Top of Data
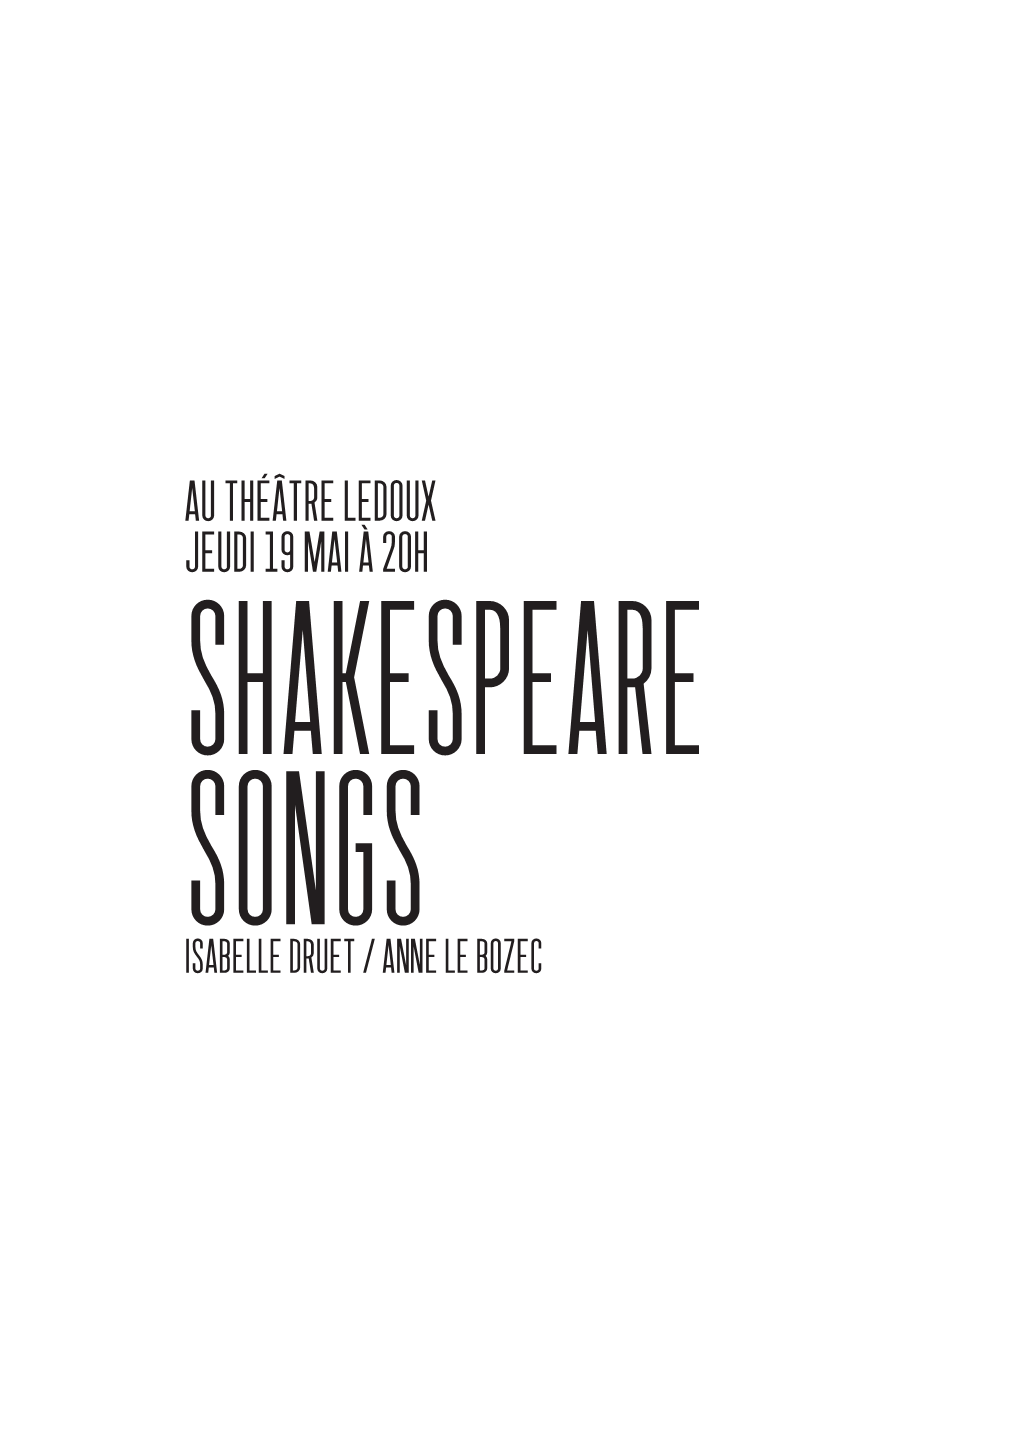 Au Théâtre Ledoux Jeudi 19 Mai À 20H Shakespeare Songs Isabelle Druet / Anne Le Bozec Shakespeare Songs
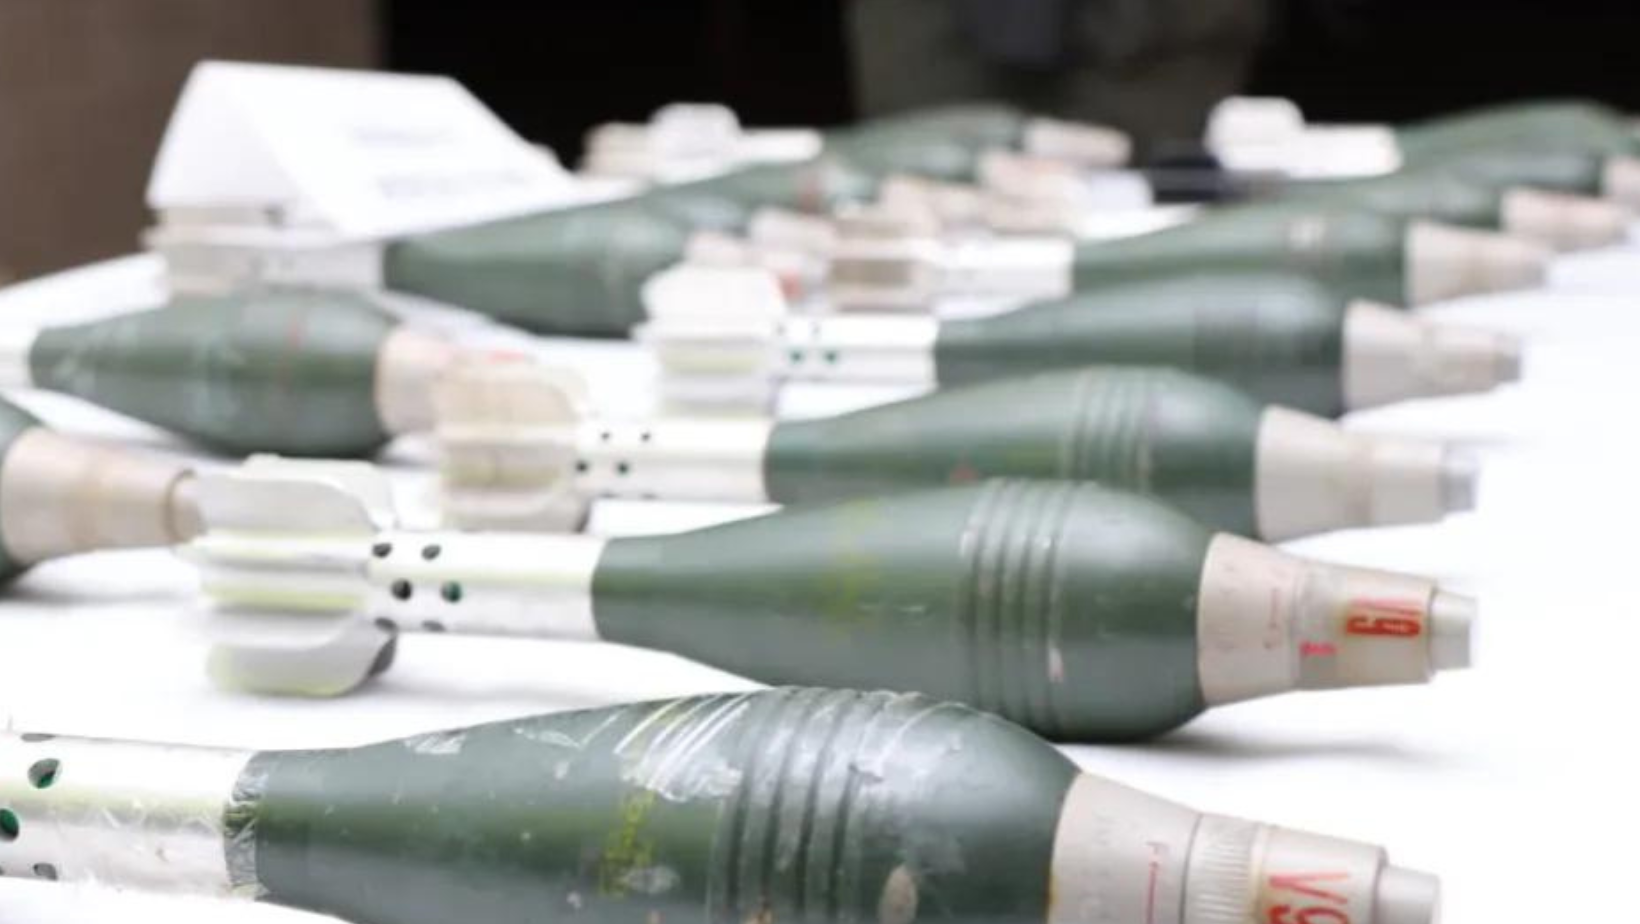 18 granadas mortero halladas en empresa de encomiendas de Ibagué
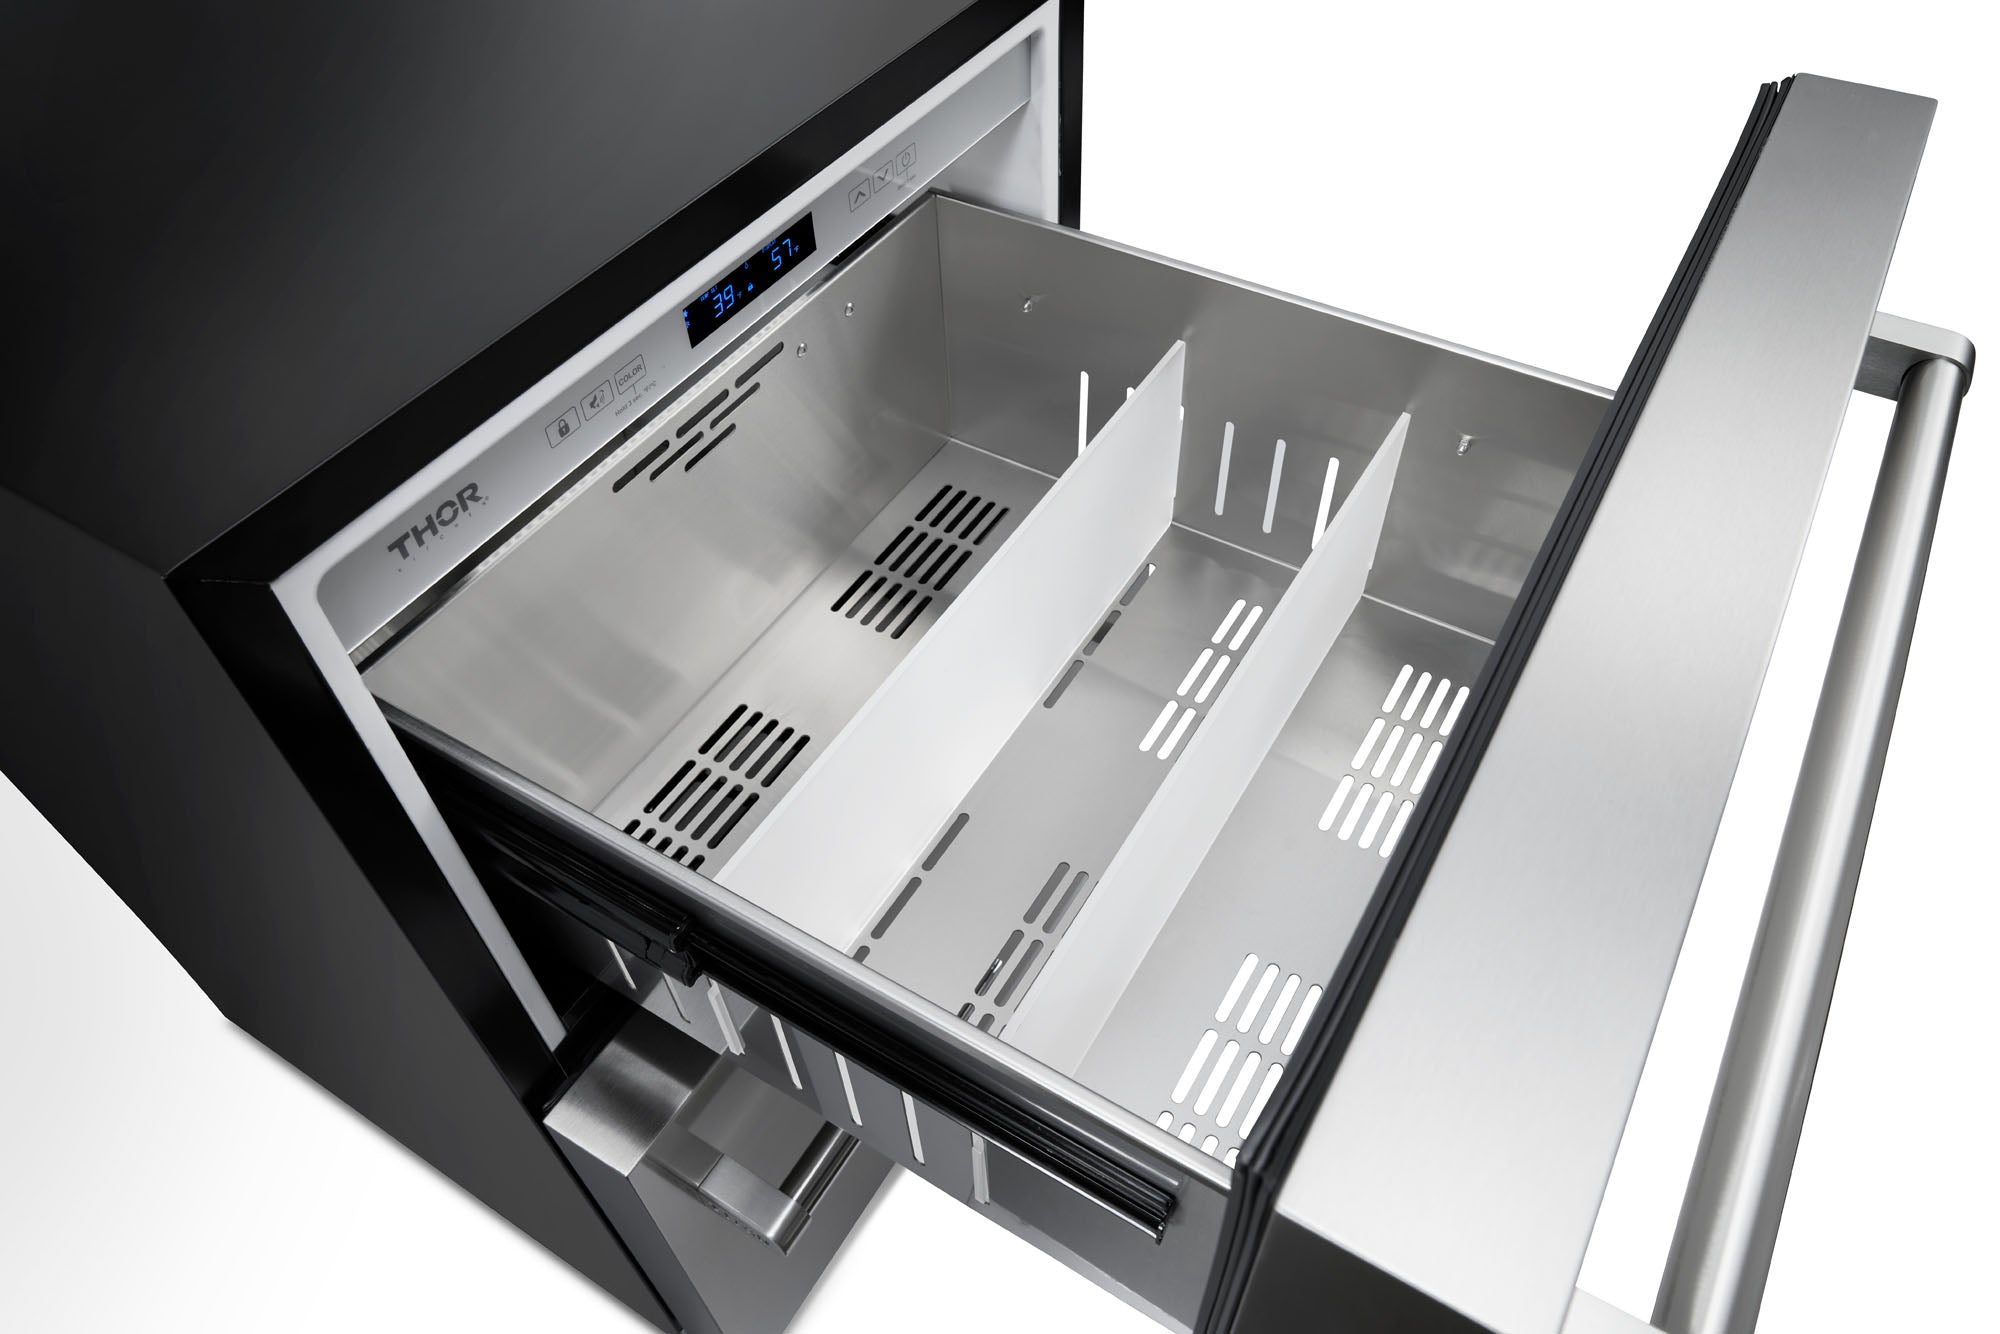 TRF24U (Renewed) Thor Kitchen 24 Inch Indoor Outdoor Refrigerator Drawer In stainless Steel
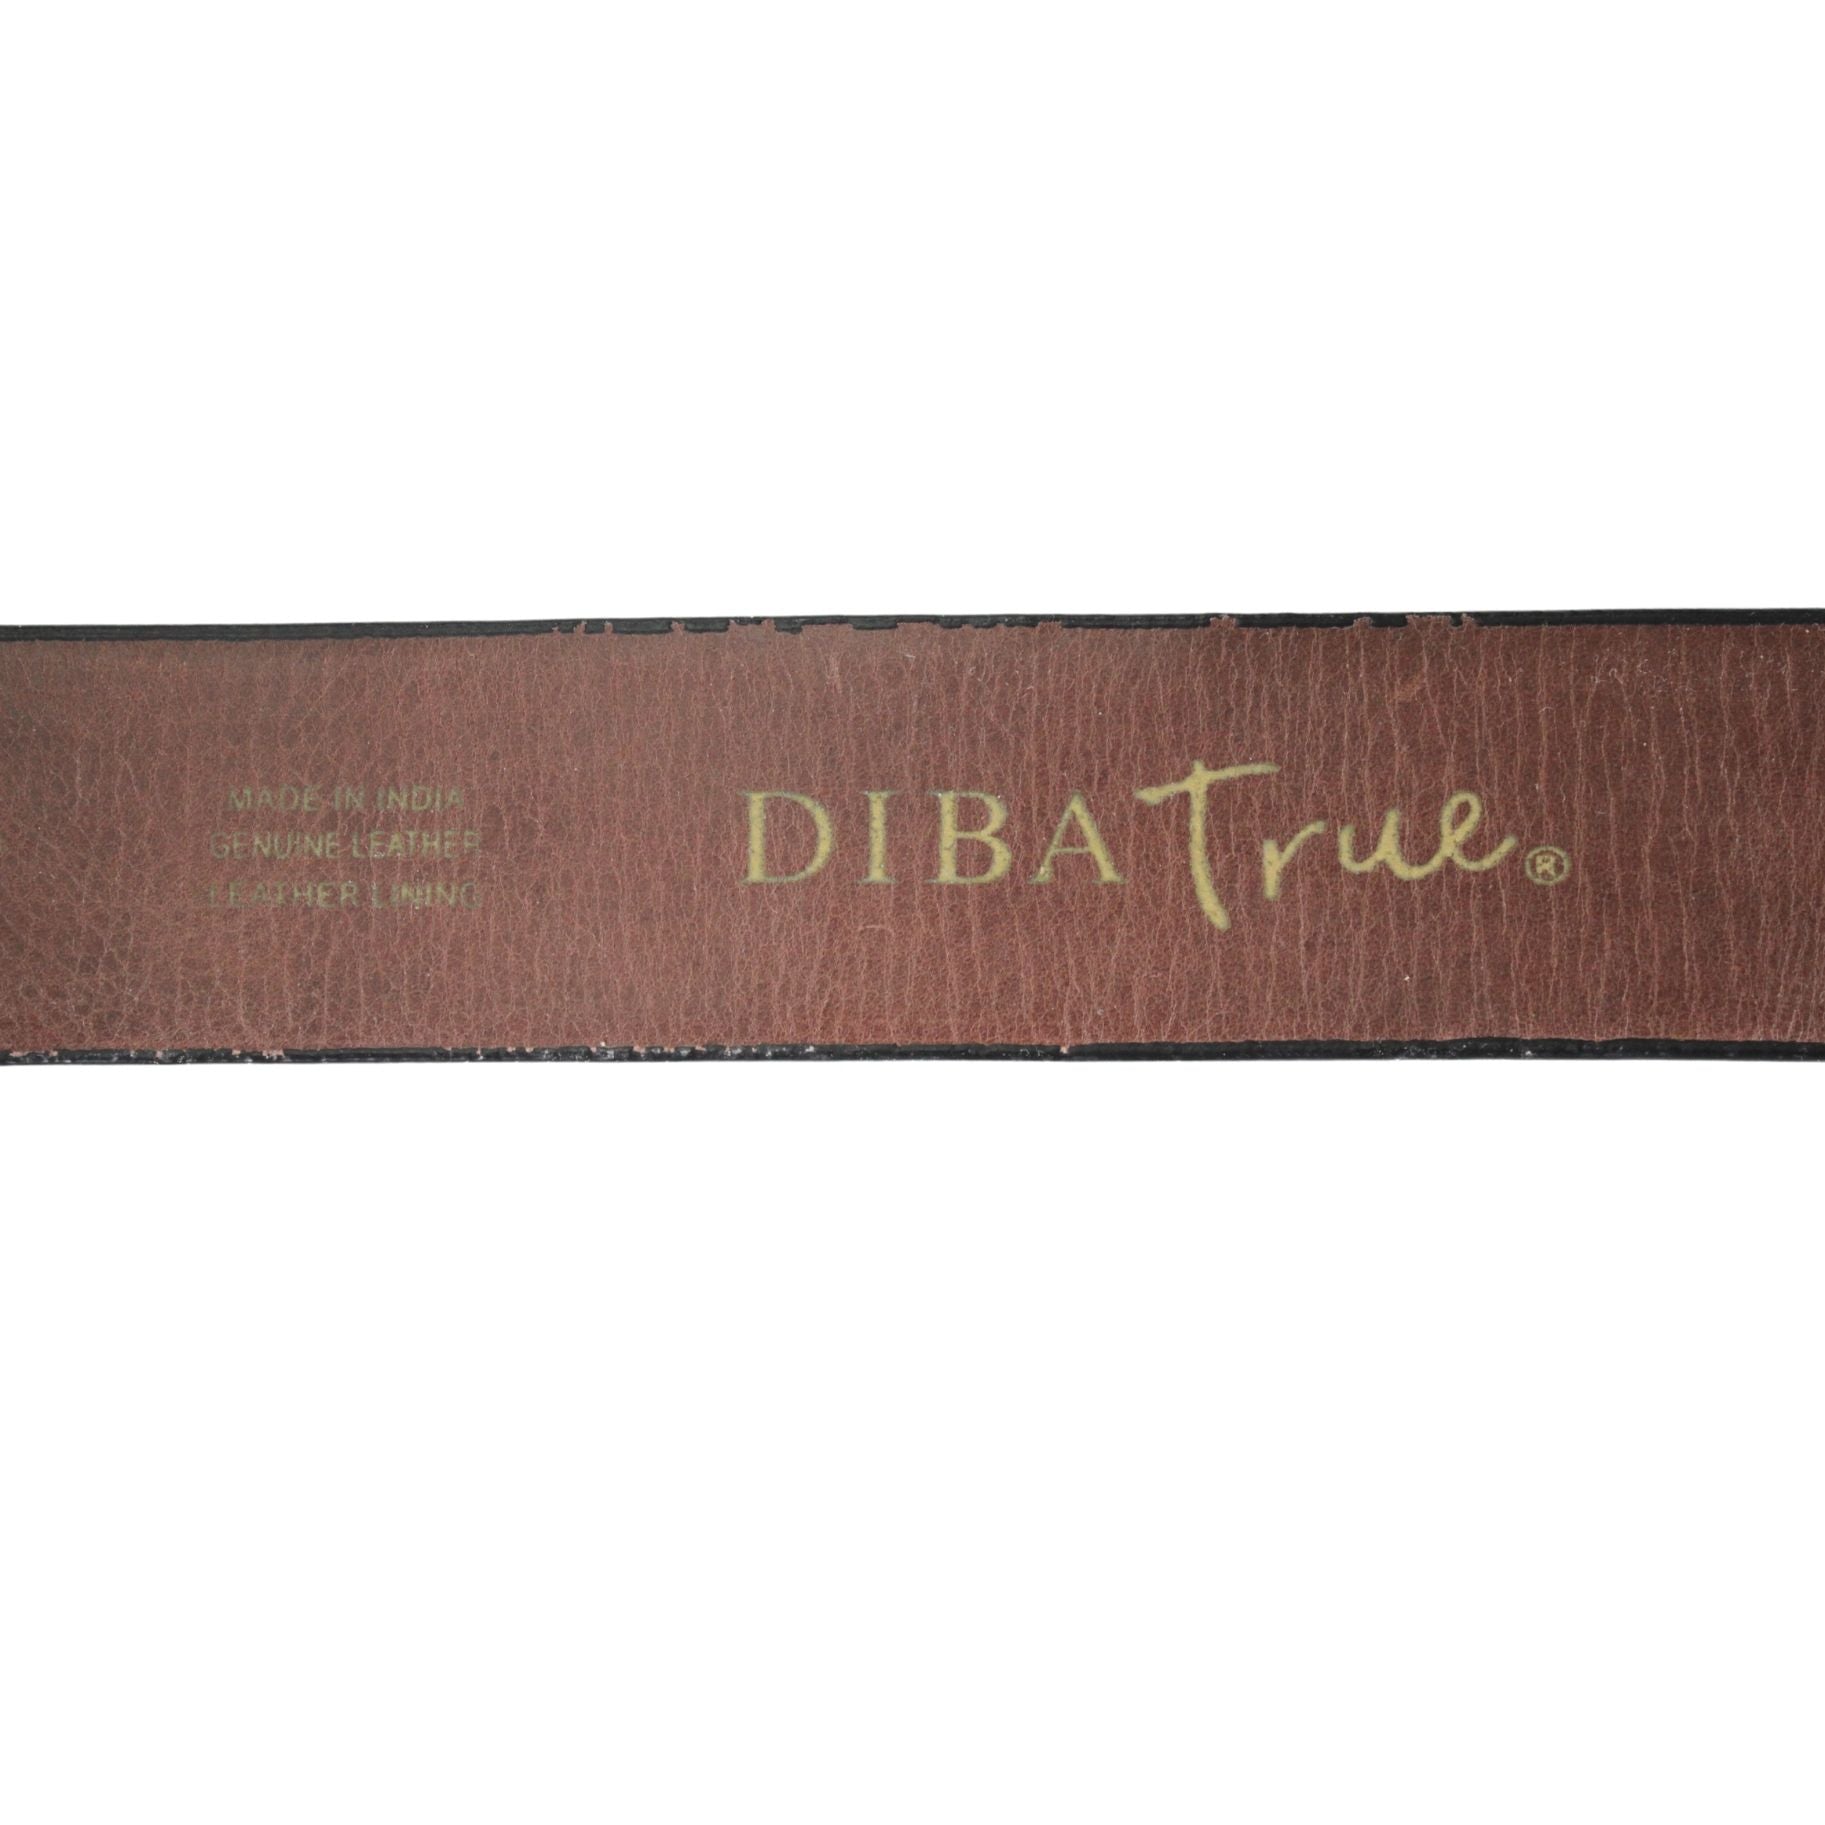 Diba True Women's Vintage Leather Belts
Bottom of Data
• [Exercise]:
Replicate the material above verbatim; images stay out of the copy.

• [The answer]:
 Au Théâtre Ledoux Jeudi 19 Mai À 20H Shakespeare Songs Isabelle Druet / Anne Le Bozec Shakespeare Songs
 18 granadas mortero halladas en empresa de encomiendas de Ibagué
 TRF24U (Renewed) Thor Kitchen 24 Inch Indoor Outdoor Refrigerator Drawer In stainless Steel
 Diba True Women's Vintage Leather Belts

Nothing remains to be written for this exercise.